The critical aspect of this task was that each Glass pattern stimulus appeared in one of two different colors (red or green) and for each participant, the probability of the left or right orientation for each color differed. Thus, stimulus color provided information that could contribute to the perceptual decision about orientation, and in this sense knowledge of the color-orientation relationship acts as a Bayesian prior25,28. The stimulus color and prior probabilities were counterbalanced across participants, hence we converted the orientations to positive (right) and negative (left) orientations. In Experiment 1, referred to as the 75–50 condition, one colored Glass pattern had positive orientation priors and the other had equal orientation priors (Fig. 1b). Similar to Experiment 1, Experiment 2 also used two colored Glass patterns with different prior probabilities (Fig. 1c). In Experiment 2, each color was associated with a positive prior and negative prior with equal strength, so there was no base-rate difference for the two orientations across all stimuli. Previous studies on perceptual decision-making have not directly examined whether knowledge of priors was explicit or implicit. Here, we were able to classify participants’ knowledge of the priors based on their responses to a questionnaire given after the session, and compare their performance to that of participants who were informed of the priors at the onset of the task.

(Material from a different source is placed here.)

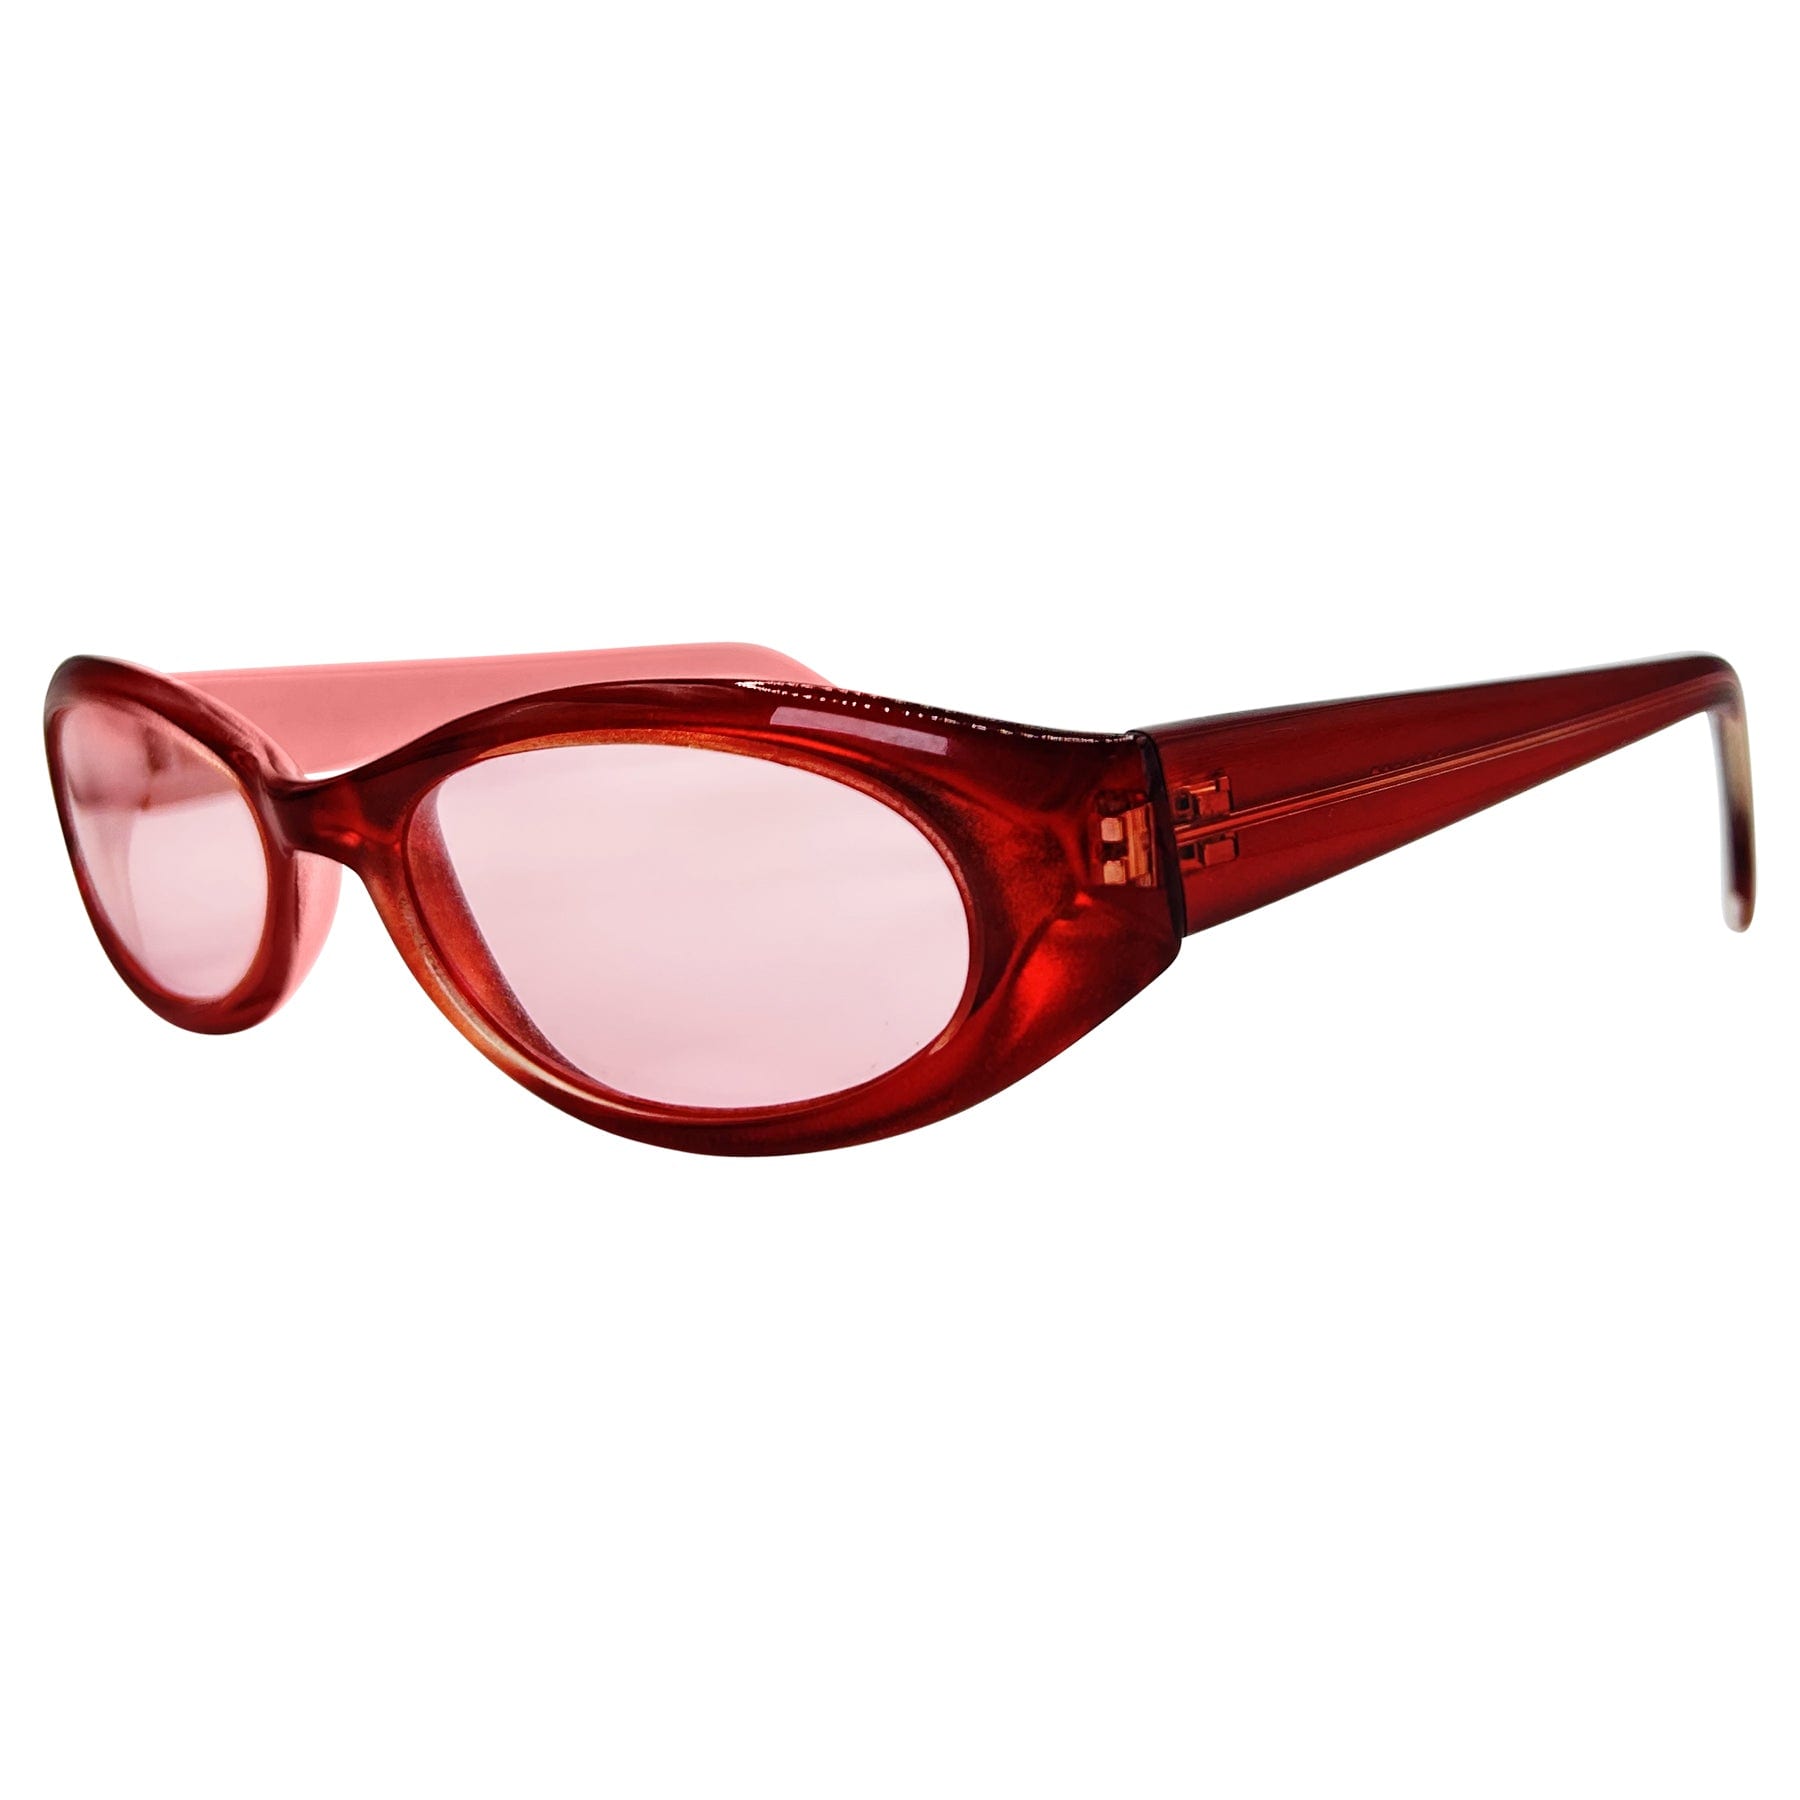 red sunglasses with a 90s retro style frame

To characterize differences based on the type of knowledge of the priors, we examined performance using the DDM. The DDM considers a process where the net evidence—the difference in evidence for or against a particular outcome—accumulates with time. When the amount of evidence reaches a level associated with one or the other bound or threshold, a decision is made (Fig. 1d). In this framework, priors can create biases in decision-making either by changing the starting point from which evidence begins to accumulate to be closer to the bound associated with the more frequent alternative17,19,29,30 (Fig. 1e), or by increasing the rate of evidence accumulation for the more frequent alternative1,23,24,31 (Fig. 1f), or both21,25,32. We modeled the data obtained from Experiments 1 and 2 using a simple DDM (see “Methods” section) to assess the mechanisms underlying how implicit and explicit knowledge of priors create perceptual decision biases.

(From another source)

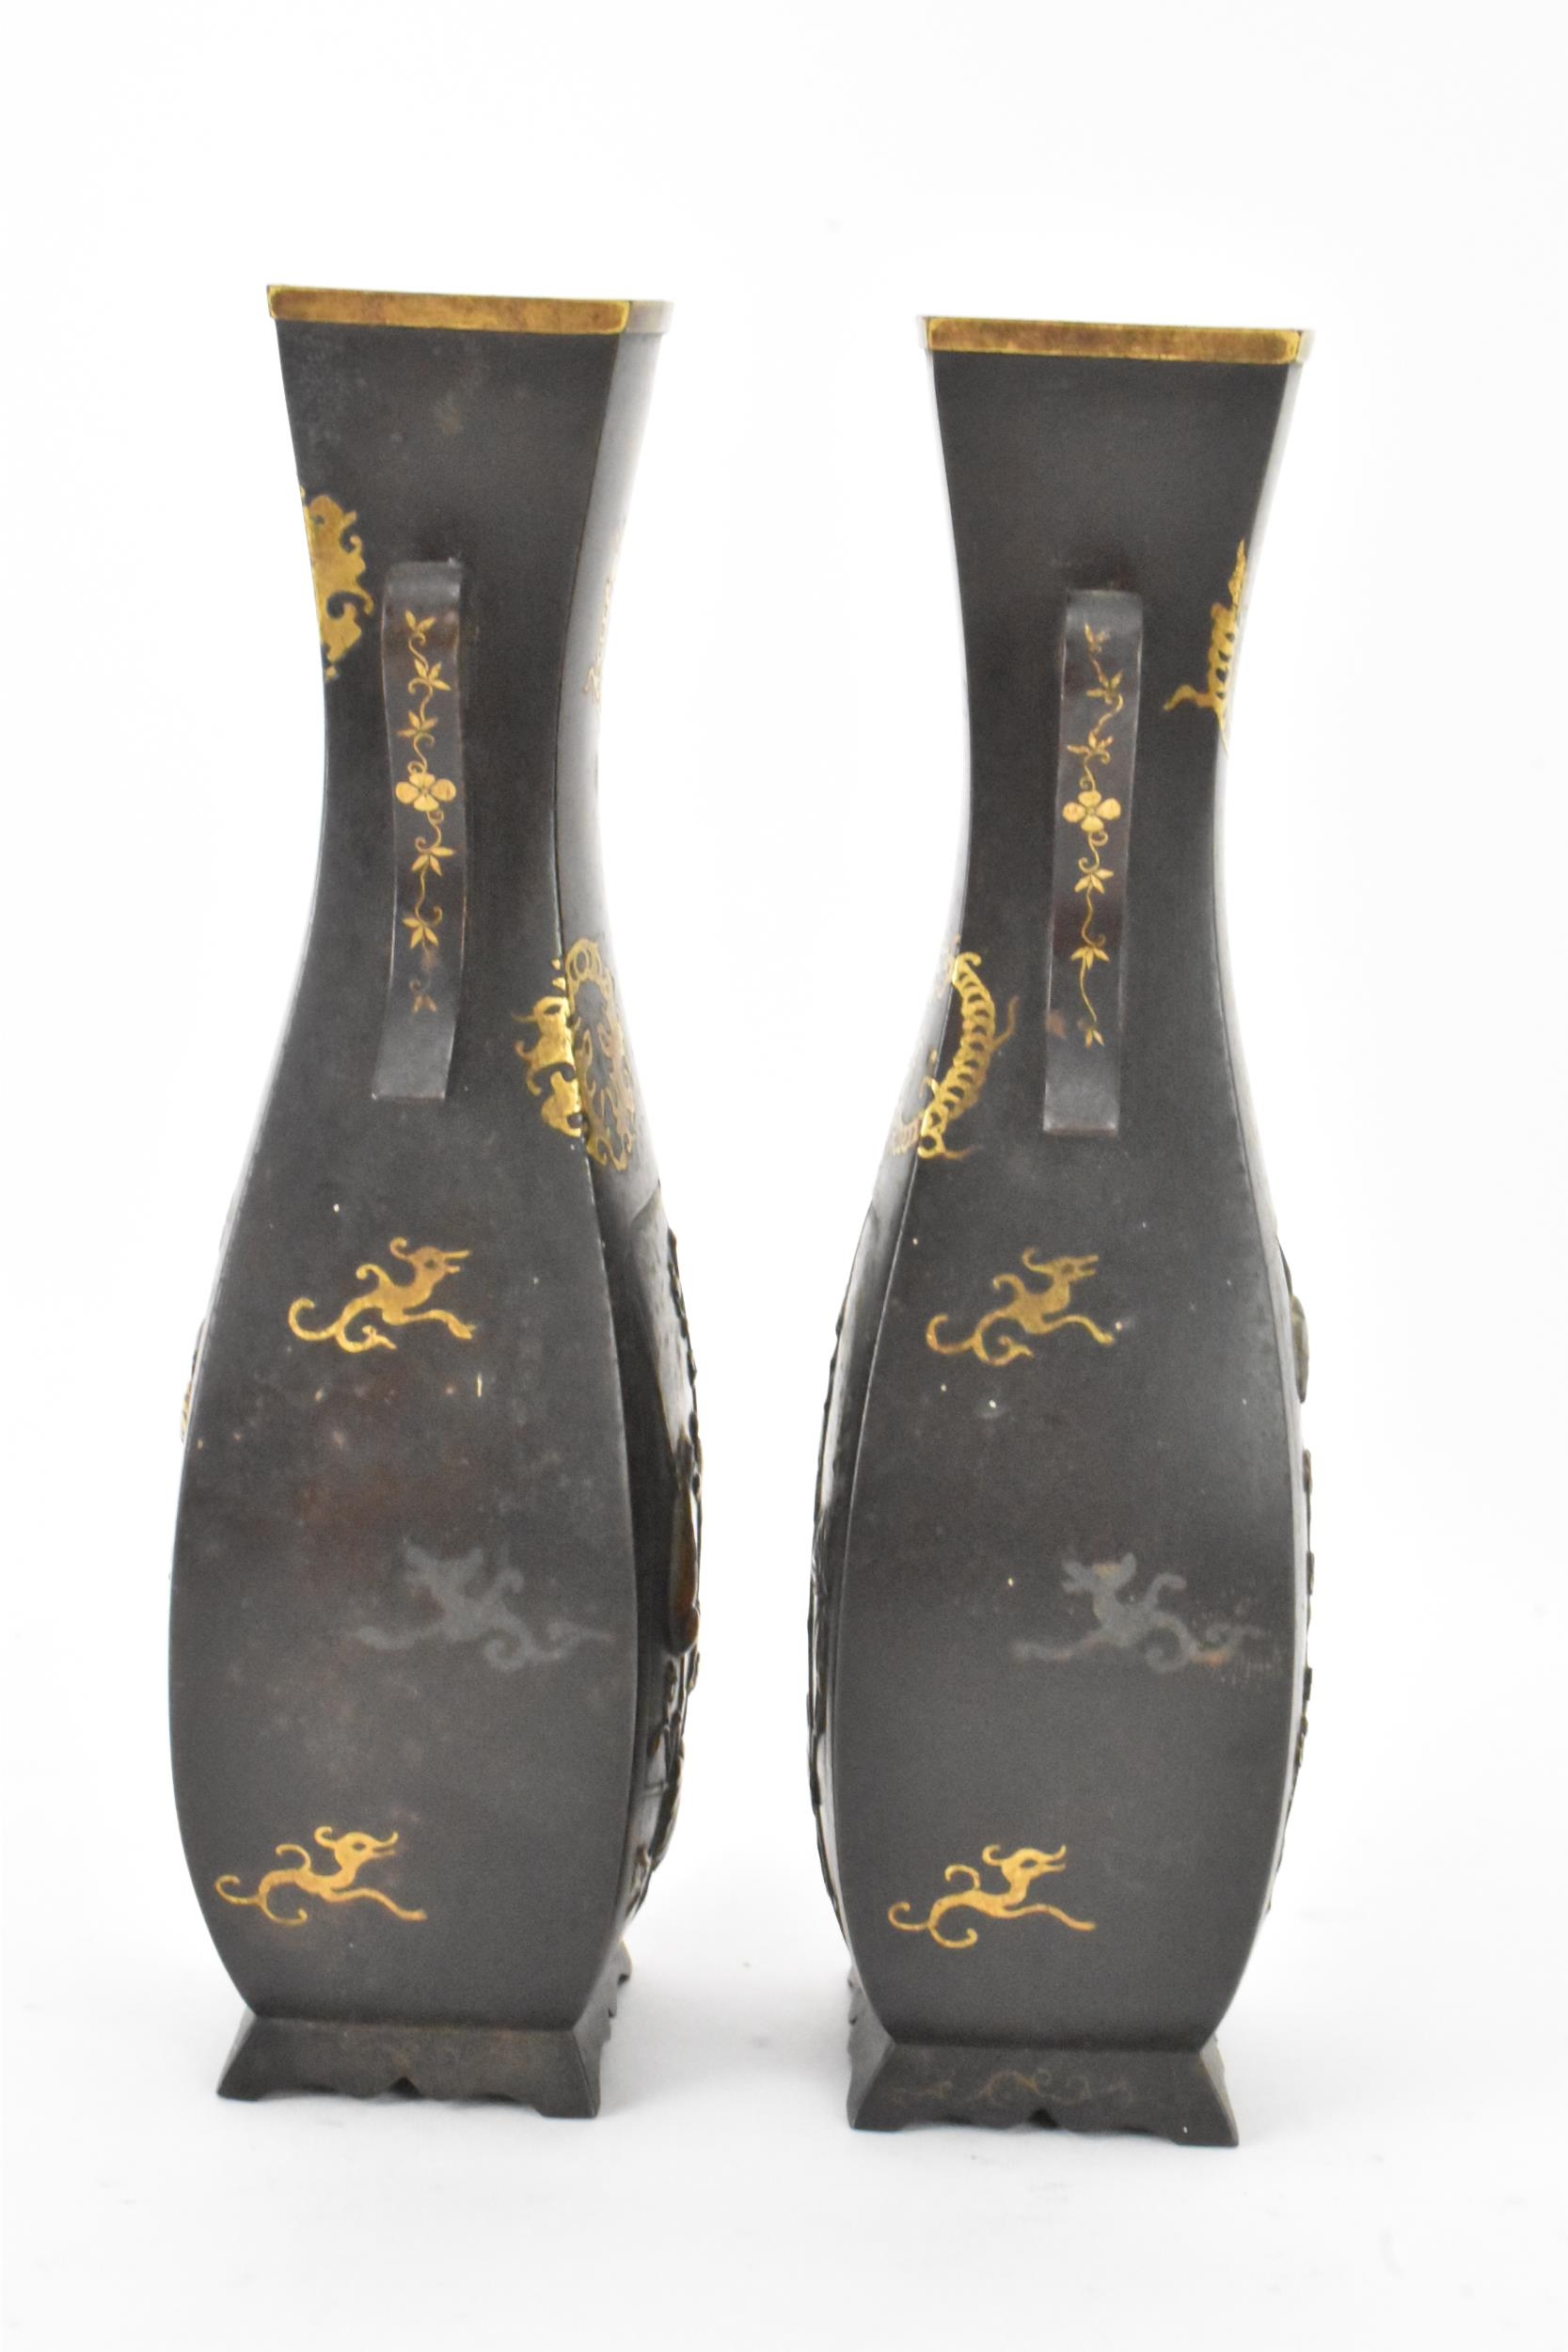 A pair of Japanese Meiji period iron vases, decorated with panels depicting birds and flowers in - Image 4 of 6

Experiment 1—participants can learn priors implicitly

Data from 67 participants were analyzed in Experiment 1, all with informed consent using procedures approved by the UCLA IRB. Based on responses to the questionnaire, participants were divided into three groups. Participants were classified as “Implicit Learners” if they reported no awareness that the different colors were associated with different orientation base-rates and that they perceived the orientations to occur with equal frequency (N = 23, 34%). Participants were classified as “Partial Explicit Learners” if they reported an overall difference in the orientation frequency but were unaware that this differed by color or could only identify the orientation prior for one color (N = 20, 30%). A group of participants (N = 24, 37%) classified as ‘Explicit Learners’ was informed of the priors for the different colored stimuli at the outset of the session and they all reported them correctly at the end of the session.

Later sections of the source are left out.